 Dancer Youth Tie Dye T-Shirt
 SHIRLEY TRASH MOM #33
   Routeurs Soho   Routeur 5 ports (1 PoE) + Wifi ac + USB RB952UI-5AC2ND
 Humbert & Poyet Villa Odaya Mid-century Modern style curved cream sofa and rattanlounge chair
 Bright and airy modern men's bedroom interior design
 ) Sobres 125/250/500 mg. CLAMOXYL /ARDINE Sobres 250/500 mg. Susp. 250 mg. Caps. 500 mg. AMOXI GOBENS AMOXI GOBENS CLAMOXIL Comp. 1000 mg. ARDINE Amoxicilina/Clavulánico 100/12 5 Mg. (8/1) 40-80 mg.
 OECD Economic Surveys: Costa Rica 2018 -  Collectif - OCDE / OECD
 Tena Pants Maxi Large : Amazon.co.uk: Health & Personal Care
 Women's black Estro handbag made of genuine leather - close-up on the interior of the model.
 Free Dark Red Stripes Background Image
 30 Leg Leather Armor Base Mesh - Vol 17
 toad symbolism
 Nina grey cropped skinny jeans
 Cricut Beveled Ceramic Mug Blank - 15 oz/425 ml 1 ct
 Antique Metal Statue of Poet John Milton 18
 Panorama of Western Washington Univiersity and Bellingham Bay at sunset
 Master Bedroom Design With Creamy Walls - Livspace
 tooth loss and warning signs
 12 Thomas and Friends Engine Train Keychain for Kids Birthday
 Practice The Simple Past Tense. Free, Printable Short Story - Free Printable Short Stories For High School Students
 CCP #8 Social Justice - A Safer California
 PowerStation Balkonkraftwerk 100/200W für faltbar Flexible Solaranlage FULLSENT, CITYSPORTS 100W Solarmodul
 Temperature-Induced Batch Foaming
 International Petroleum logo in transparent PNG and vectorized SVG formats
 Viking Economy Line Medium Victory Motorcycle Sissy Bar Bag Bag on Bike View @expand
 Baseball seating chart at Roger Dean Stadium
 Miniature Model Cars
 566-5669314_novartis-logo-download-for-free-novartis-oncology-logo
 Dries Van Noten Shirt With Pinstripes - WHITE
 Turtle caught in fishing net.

++++++++++++++++++++

__PROBLEM STATEMENT__:
Copy out each line of the listing that holds the word "Shirt".

__ANSWER TO THIS TASK__:
 Dancer Youth Tie Dye T-Shirt
 Dries Van Noten Shirt With Pinstripes - WHITE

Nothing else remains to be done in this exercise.